Et par-delà les options politiques des uns et des autres puisqu’il y a encore quelques semaines une telle concertation aurait sans doute été avortée, les agriculteurs ayant vigoureusement remis en cause la légitimité du PNR dans ses choix pour l’agriculture (la manifestation du 18 septembre a Saint-Brisson contre les clôtures le long des cours d’eau a laissé des traces). Vendredi dernier, chacun a joué son rôle de bonne grâce, dans un souci d’apaisement, et pour ne pas obérer le véritable enjeu de l’événement: Comment favoriser le renouvellement des générations en agriculture dans le Morvan, permettre une transmission fluide et raisonnée, comment envisager l’avenir économique du territoire autour de cette activité traditionnelle.
Conçue de façon pratique et ouverte à l’échange d’idées, la journée a donc d’abord été introduite par les présidents des structures co-organisatrices: le PNR Morvan, le Pays Nivernais Morvan et la Chambre d’agriculture.
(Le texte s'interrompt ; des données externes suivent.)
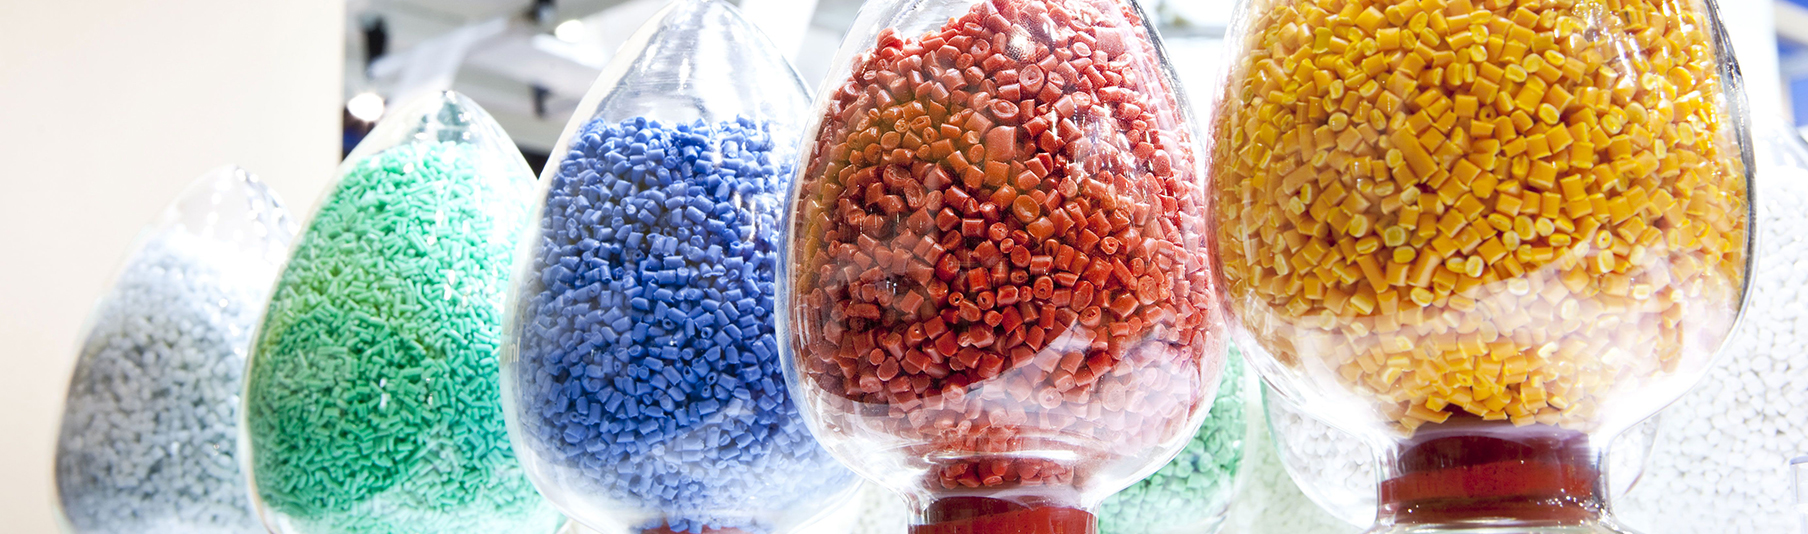 Manufacturing Insurance: A row of colourful manufactured pieces sitting in glass containers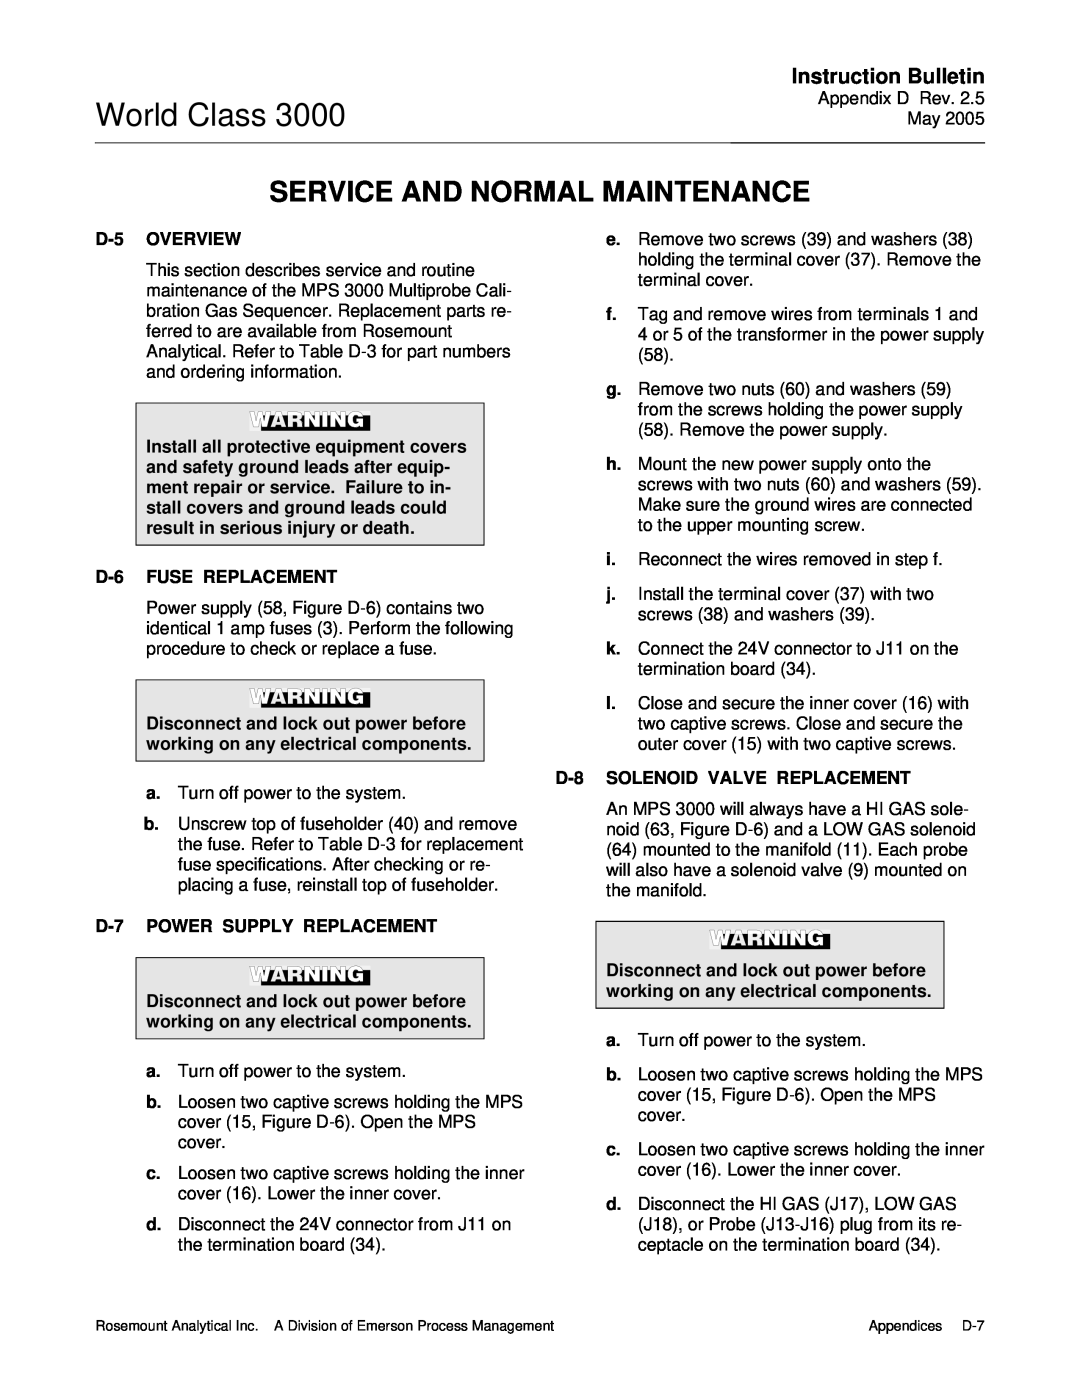 Emerson 3000 World Class, Service And Normal Maintenance, Instruction Bulletin, D-5OVERVIEW, D-6FUSE REPLACEMENT

Témoignages et expériences
Patrice Joly a posé les enjeux: «reprise, accès au foncier, viabilité économique, agrandissement, questions fiscales... C’est plus compliqué que par le passé». Aussitôt corroboré par Christian Paul: «l’installation et le développement rural ne se réussissent pas les uns sans les autres ou les uns contre les autres». Après que les conseillers des structures eurent présenté les chiffres-clé issus du dernier recensement général agricole de 2010, laissant apparaître une tendance à la baisse des installations, le programme des témoignages et des partages d’expériences était chargé. Deux JA ont fait part de leurs difficultés, l’un ayant déjà repris la ferme familiale en charolais, l’autre en phase d’installation. Où le parcours est souvent un exercice solitaire, et parfois revendiqué comme tel... Kéthévane Letrange a expliqué que son activité de maraîchage et de production de fruits ne la faisait pas vivre même si un projet de laboratoire devrait la renforcer et Marion Bonnet qui cherche a s’installer en production caprine a fait part de sa difficulté à trouver du foncier de taille adéquat (35 ha), essuyant souvent l’indifférence ou le refus des cédants qu’elle rencontre. Un jeune maraîcher bio de Saône-et-Loire a expliqué comment un agriculteur lui laissait un espace agricole durant trois ans, pour démarrer, dans la sécurité de conserver ses droits au chômage tout en démarrant son activité, via l’espace-test de l’association Les semeurs du possible. Venus du Puy-de-Dôme des agents et un élu local ont aussi montré comment deux réseaux réunissant des communautés de communes des Combrailles et du Livradois-Forez, recensent les futures cédants, cinq ans avant l’âge du départ, afin de fédérer les énergies autour de la reprise. Enfin, avant que des ateliers par territoire n’abordent activement les conditions favorables à l’installation, les leviers à activer, les projets à envisager sur les territoires, ce sont les agents et les élus des Communautés de communes des Grands Lacs du Morvan et des portes Sud du Morvan
qui ont témoigné de leurs initiatives respectives pour favoriser l’installation.